**WHAT IS BEING ASKED**
An exact copy of the lines of the listing below between the "Car2Go EV in" line and the "The Parking Professional Magazine" line, both included, is the whole answer; please omit the pictures.

**RECORDS TO USE**
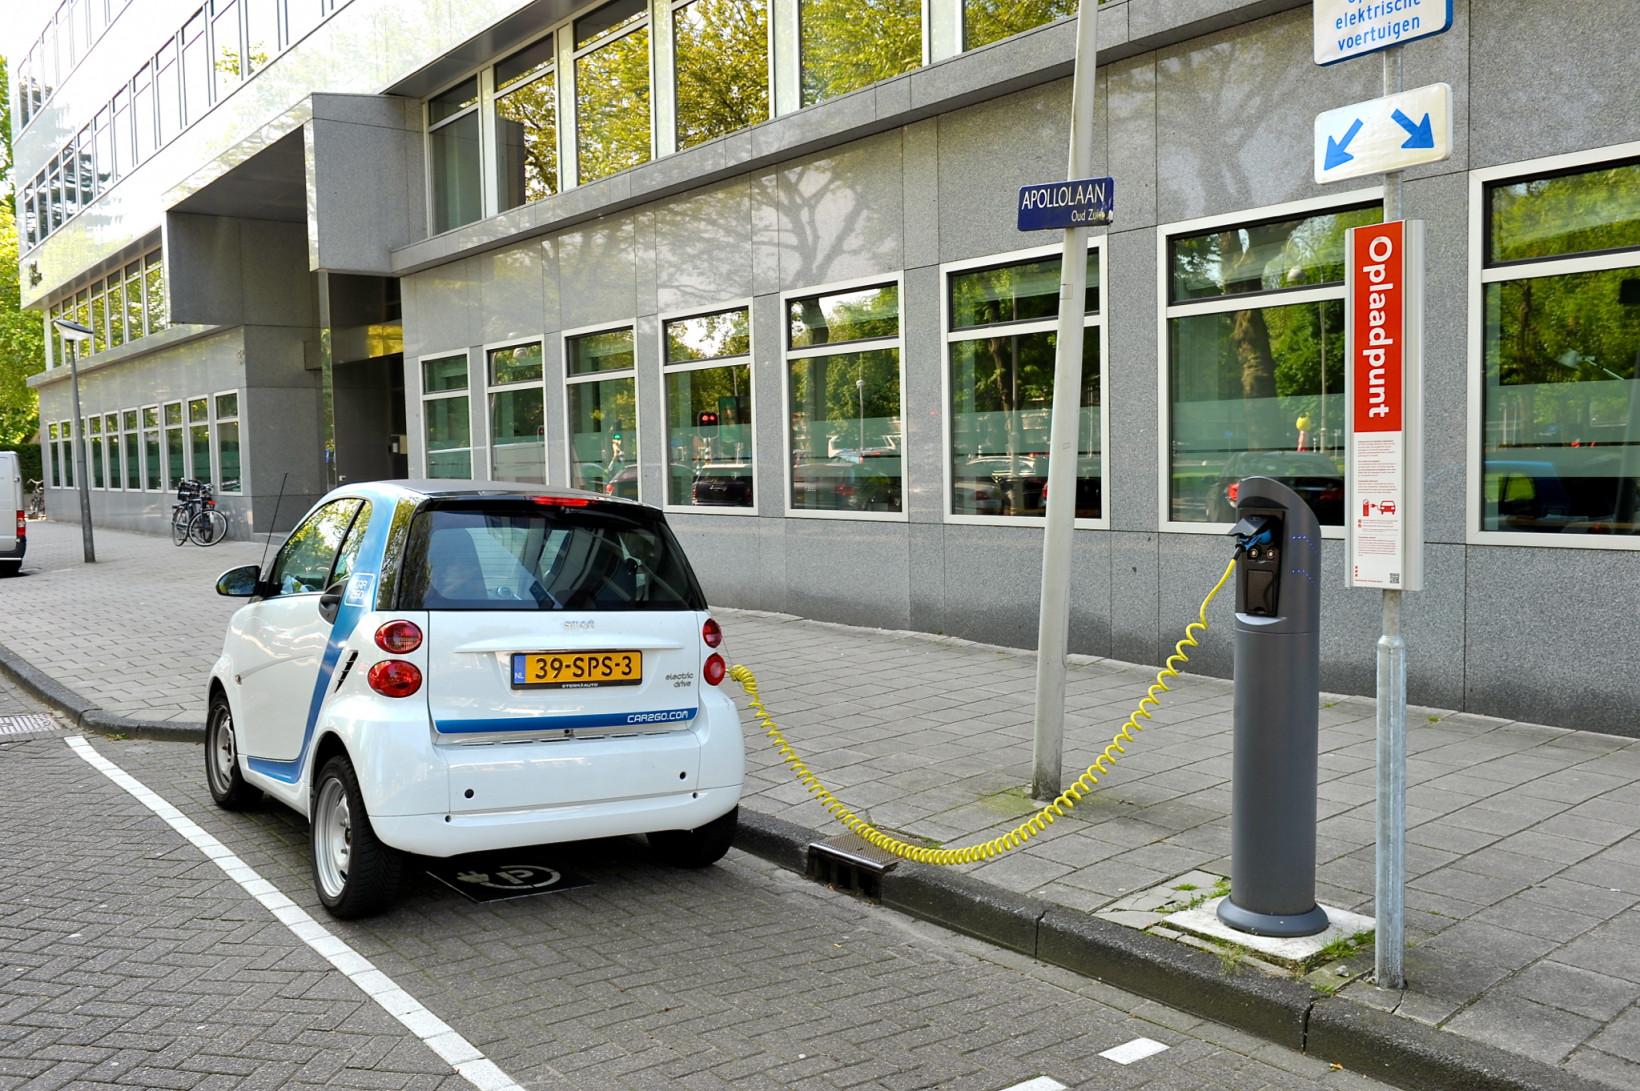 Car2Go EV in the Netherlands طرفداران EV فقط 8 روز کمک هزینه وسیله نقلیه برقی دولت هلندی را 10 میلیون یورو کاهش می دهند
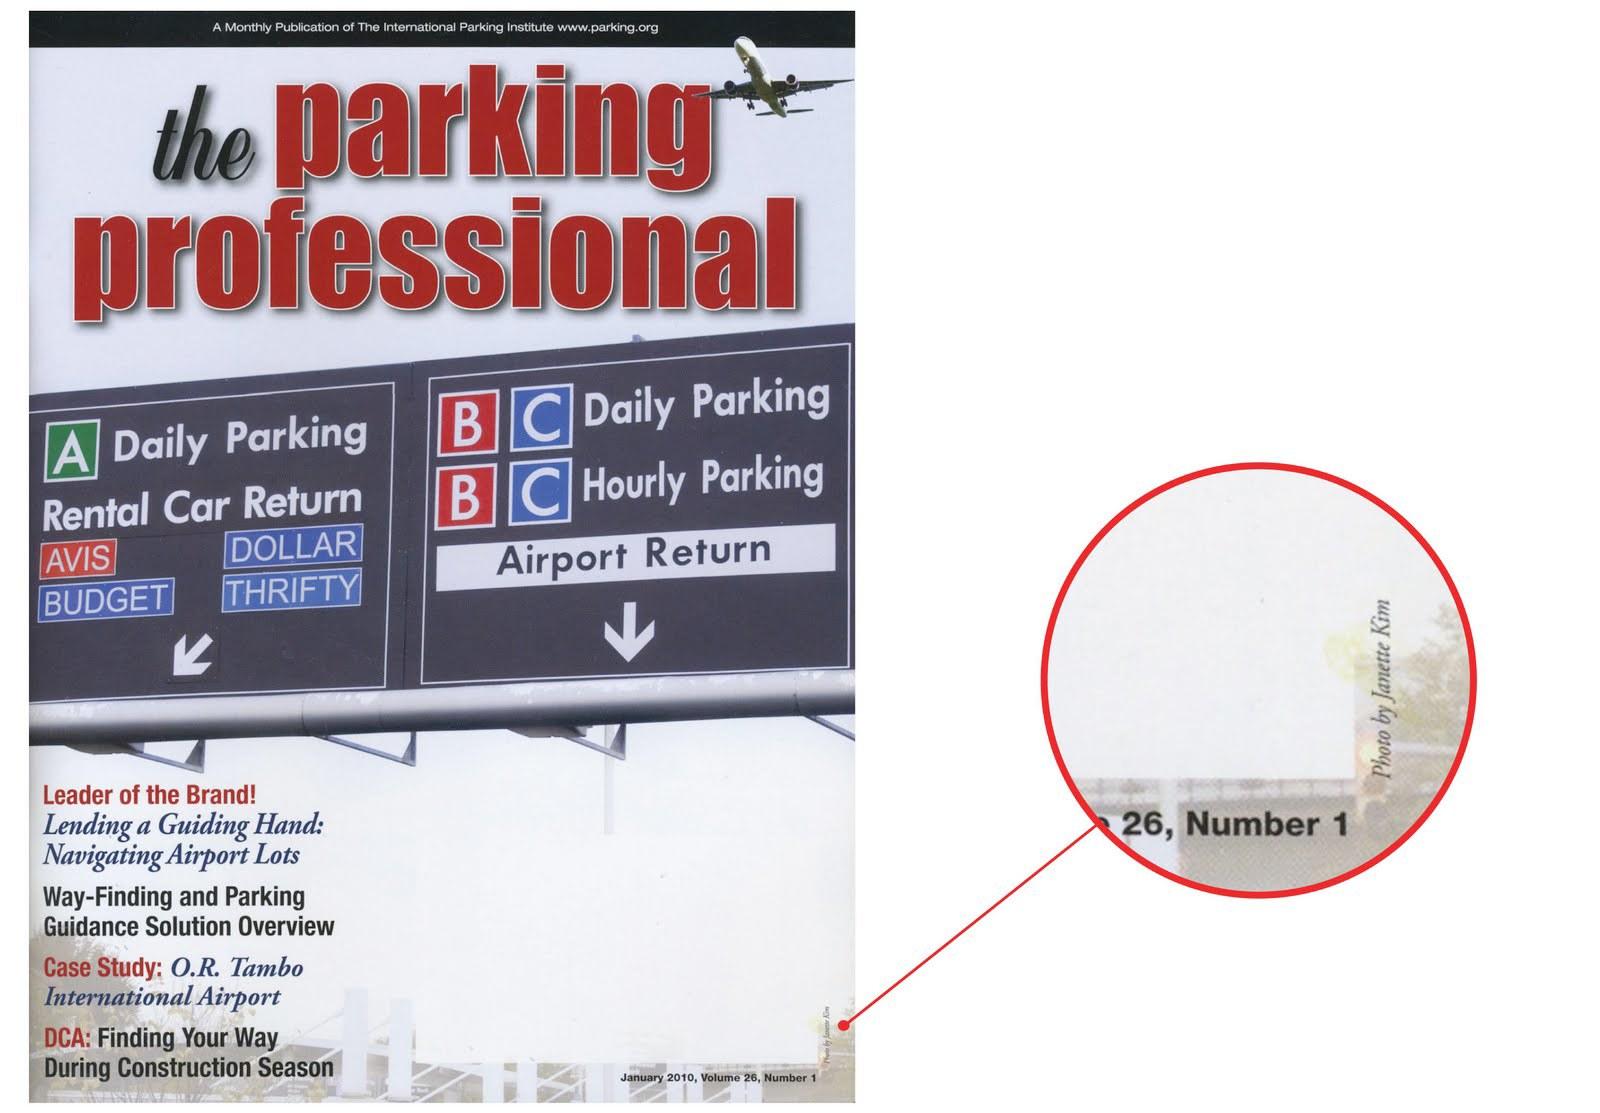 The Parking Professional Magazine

...

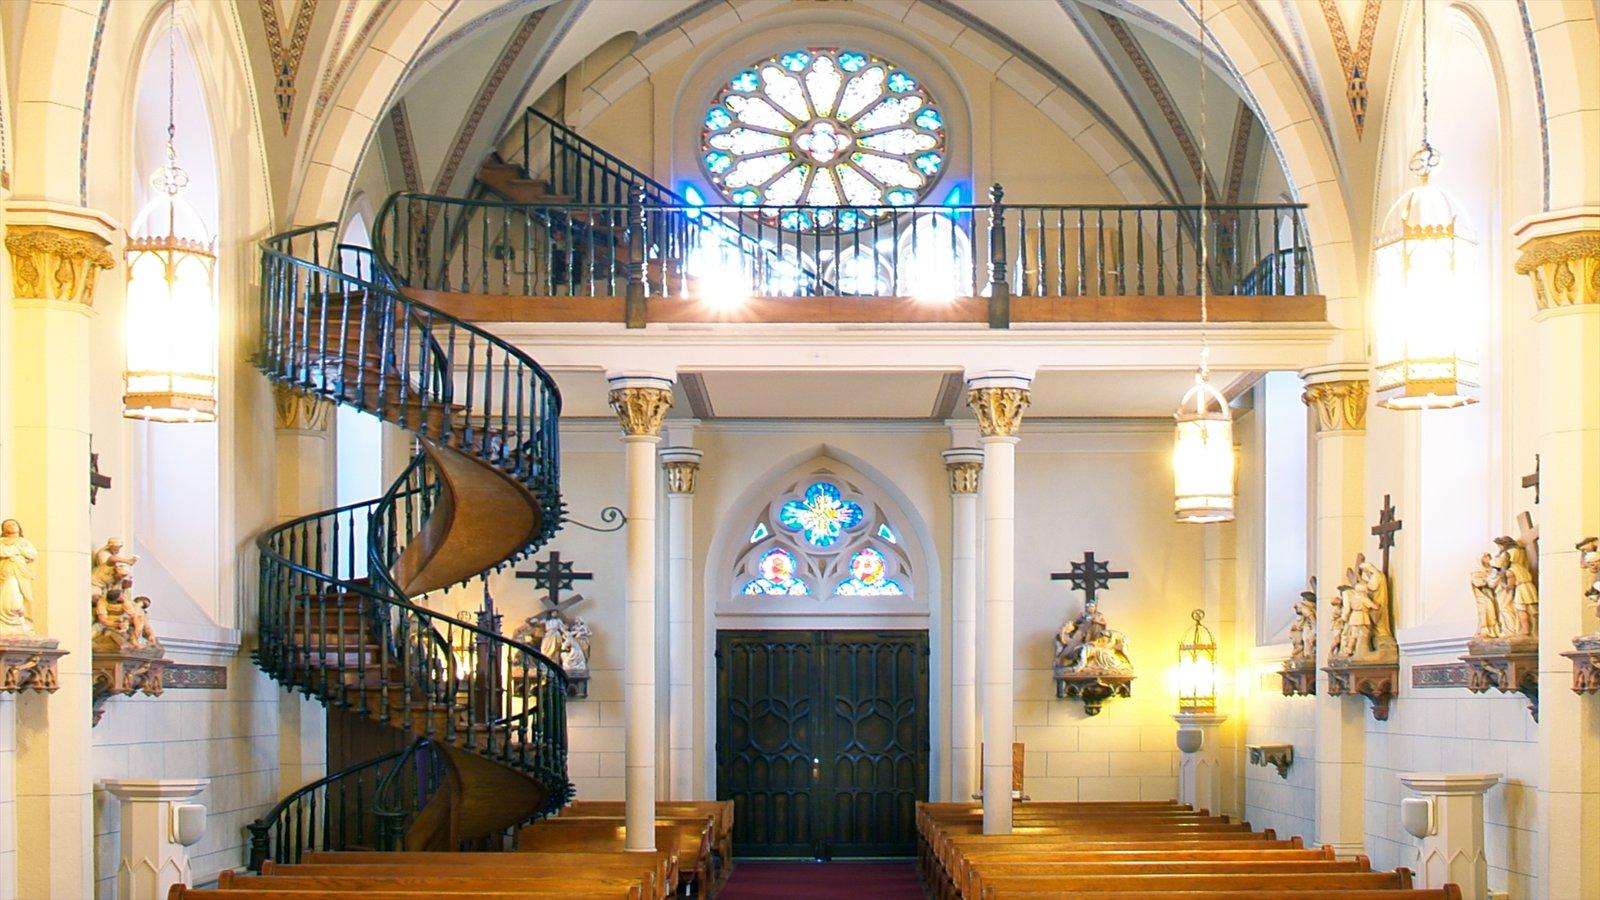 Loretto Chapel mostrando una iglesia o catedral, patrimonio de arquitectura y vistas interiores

* * *

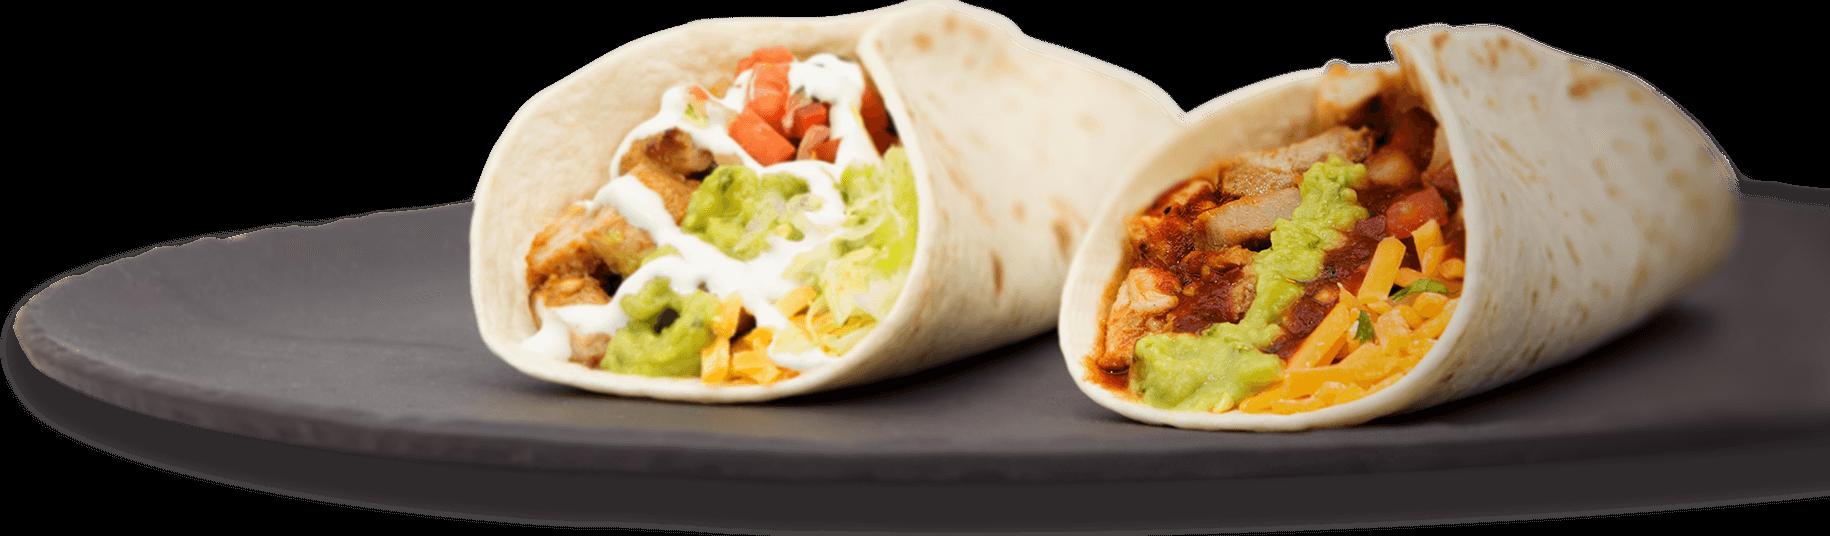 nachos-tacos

**WRITTEN SOLUTION**
 Car2Go EV in the Netherlands طرفداران EV فقط 8 روز کمک هزینه وسیله نقلیه برقی دولت هلندی را 10 میلیون یورو کاهش می دهند
 The Parking Professional Magazine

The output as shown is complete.